In order to obtain the relevant summary estimates, run the *pheno_input()* function with:

  - *snps* is a character vector giving the rsid identifiers of the genetic variants.
  - *exposure* is a character vector giving the name of the risk factor.
  - *pmidE* is the PubMed ID of the paper where the association estimates with the exposure were first published.
  - *ancestryE* is the ancestry of the participants on whom the association estimates with the exposure were estimated. (For some traits and PubMed IDs, results are given for multiple ancestries.) Usually, ancestry is *"European"* or *"Mixed"*.
  - *outcome* is a character vector giving the name of the outcome.
  - *pmidO* is the PubMed ID of the paper where the association estimates with the outcome were first published.
  - *ancestryO* is the ancestry of the participants on whom the association estimates with the exposure were estimated.
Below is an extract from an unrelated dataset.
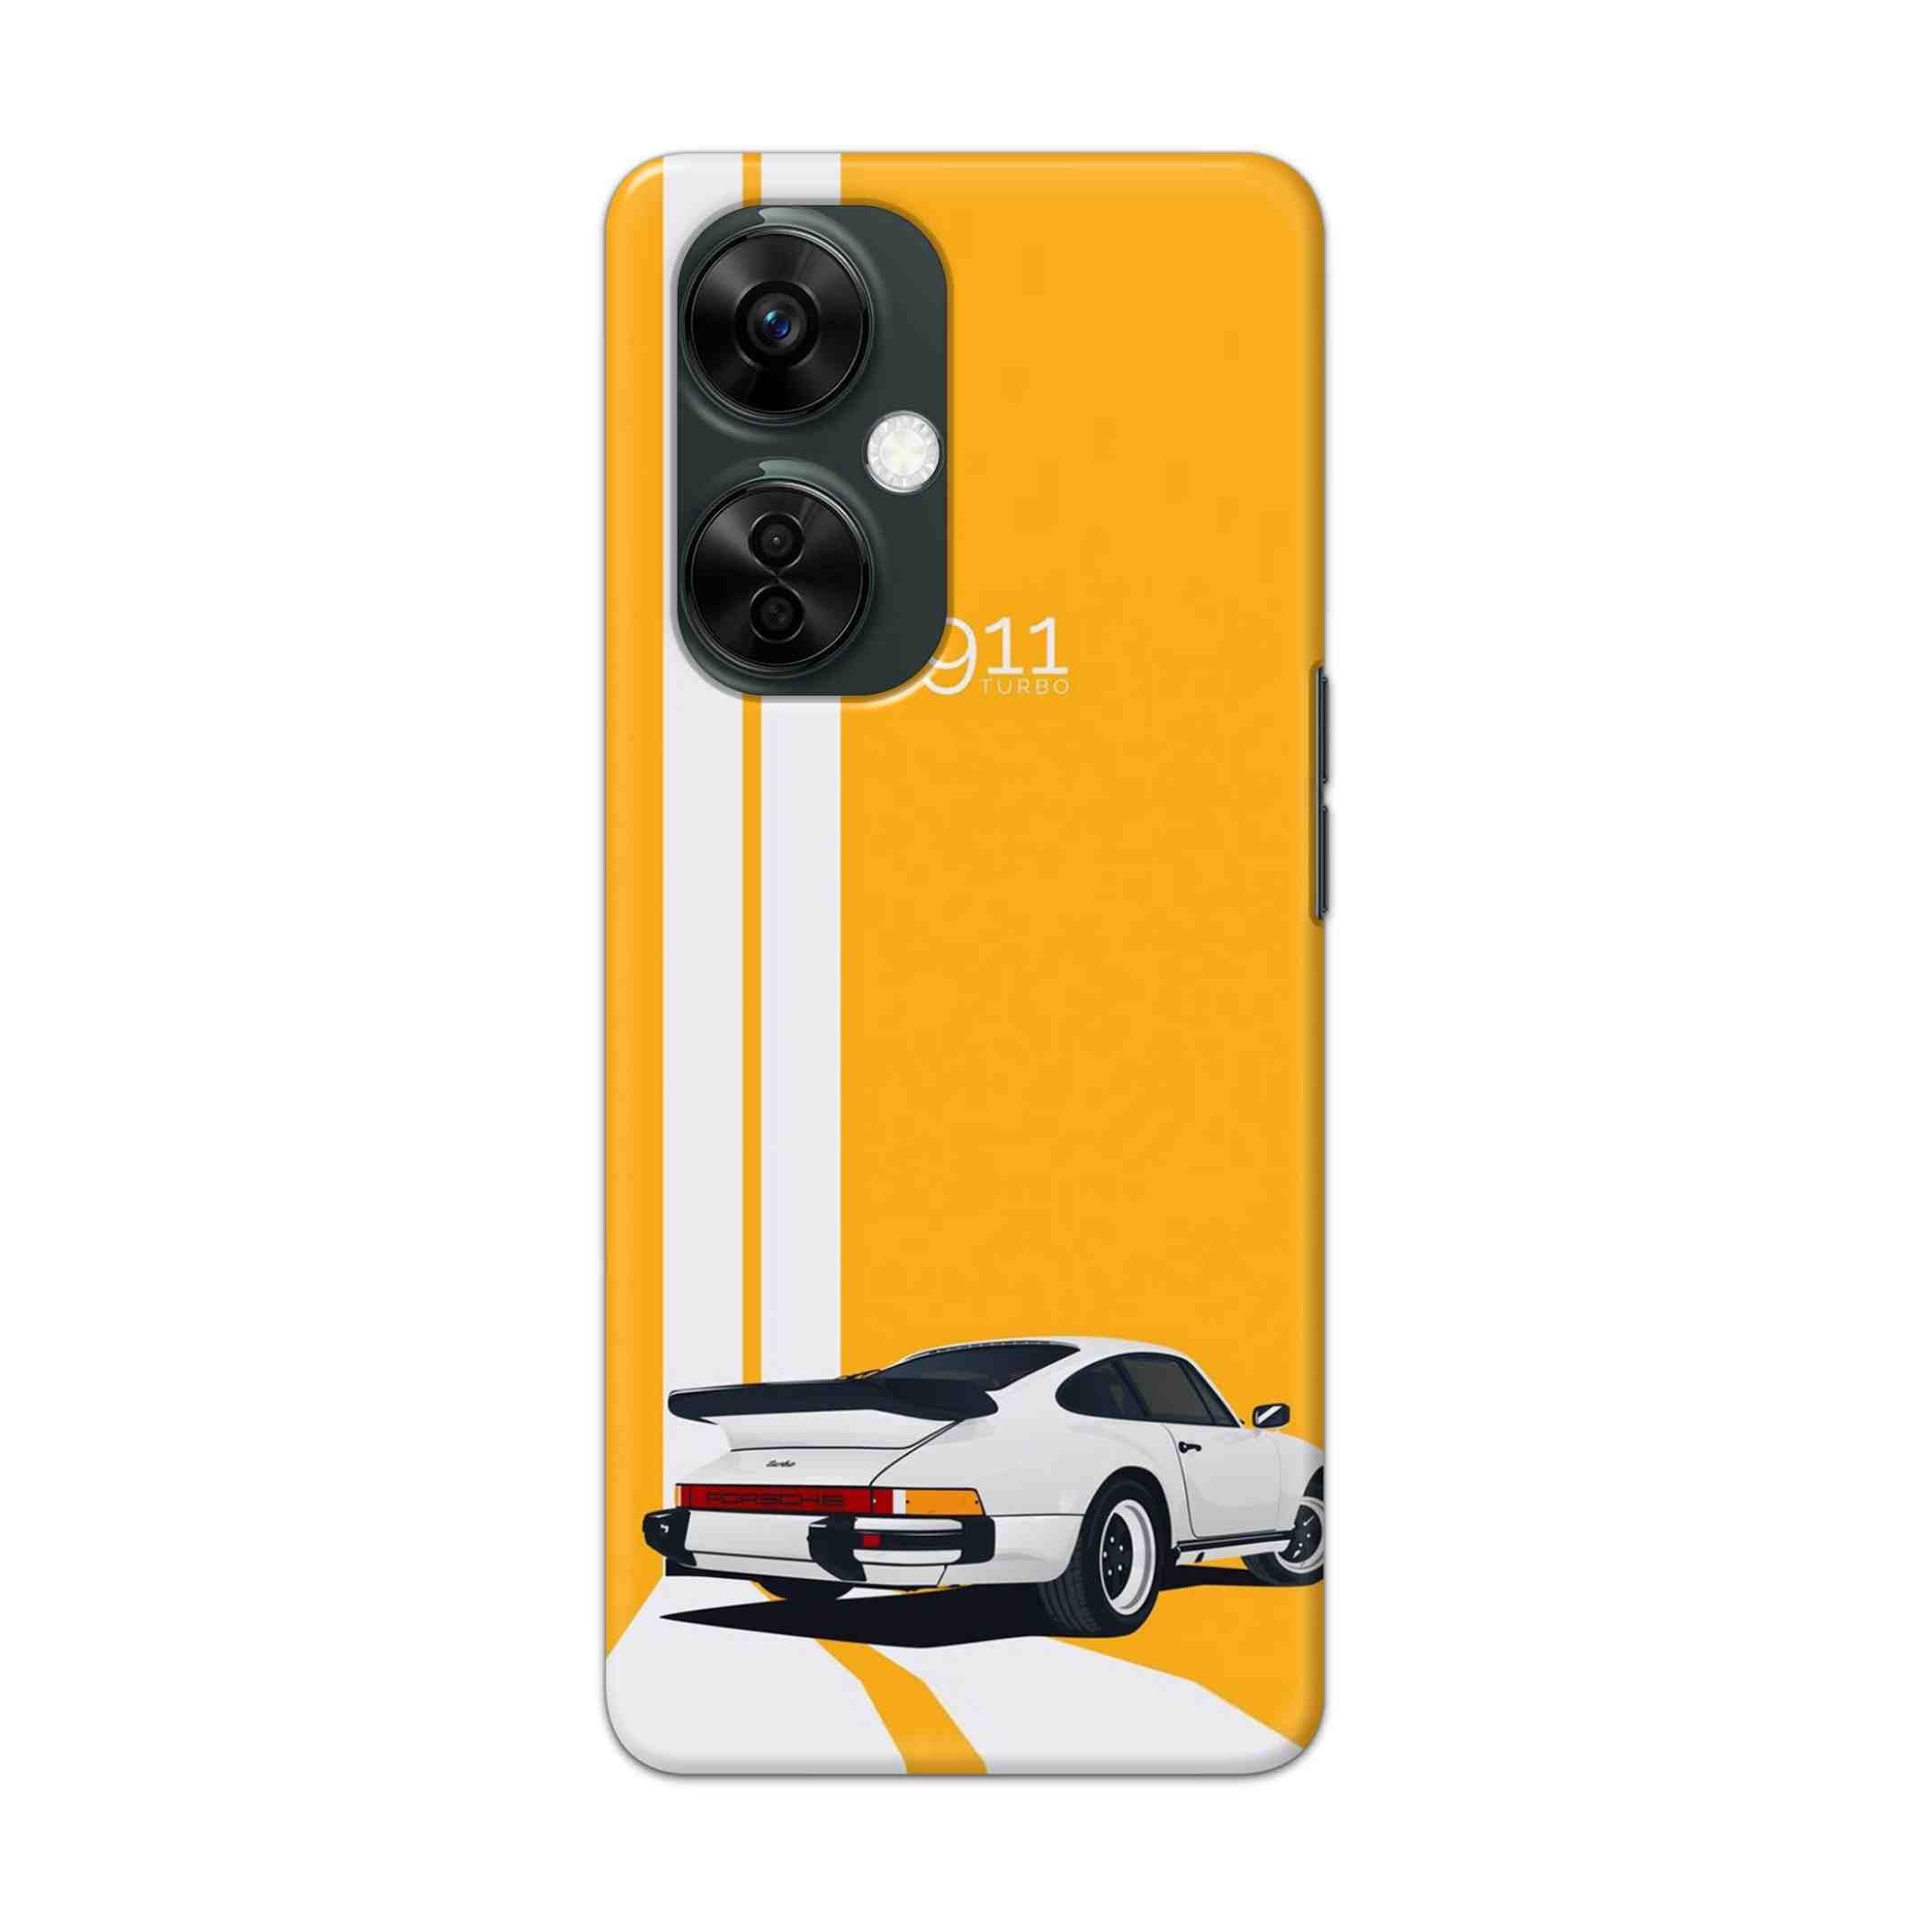 Buy 911 Gt Porche Hard Back Mobile Phone Case Cover For Oneplus Nord CE 3 Lite Online

We note that the spelling of the exposure and outcome, the PubMed ID, and the ancestry information need to correspond exactly to the values in the PhenoScanner dataset. If these are not spelled exactly as in the PhenoScanner dataset (including upper/lower case), the association estimates will not be found.

## Example data

Two sets of data are provided as part of this package:

- *ldlc, ldlcse, hdlc, hdlcse, trig, trigse, chdlodds, chdloddsse*: these are the associations (beta-coefficients and standard errors) of 28 genetic variants with LDL-cholesterol, HDL-cholesterol, triglycerides, and coronary heart disease (CHD) risk (associations with CHD risk are log odds ratios) taken from Waterworth et al (2011) "Genetic variants influencing circulating lipid levels and risk of coronary artery disease", doi: 10.1161/atvbaha.109.201020.
- *calcium, calciumse, fastgluc, fastglucse*: these are the associations (beta-coefficients and standard errors) of 7 genetic variants in the *CASR* gene region. These 7 variants are all correlated, and the correlation matrix is provided as *calc.rho*. These data were analysed in Burgess et al (2015) "Using published data in Mendelian randomization: a blueprint for efficient identification of causal risk factors", doi: 10.1007/s10654-015-0011-z.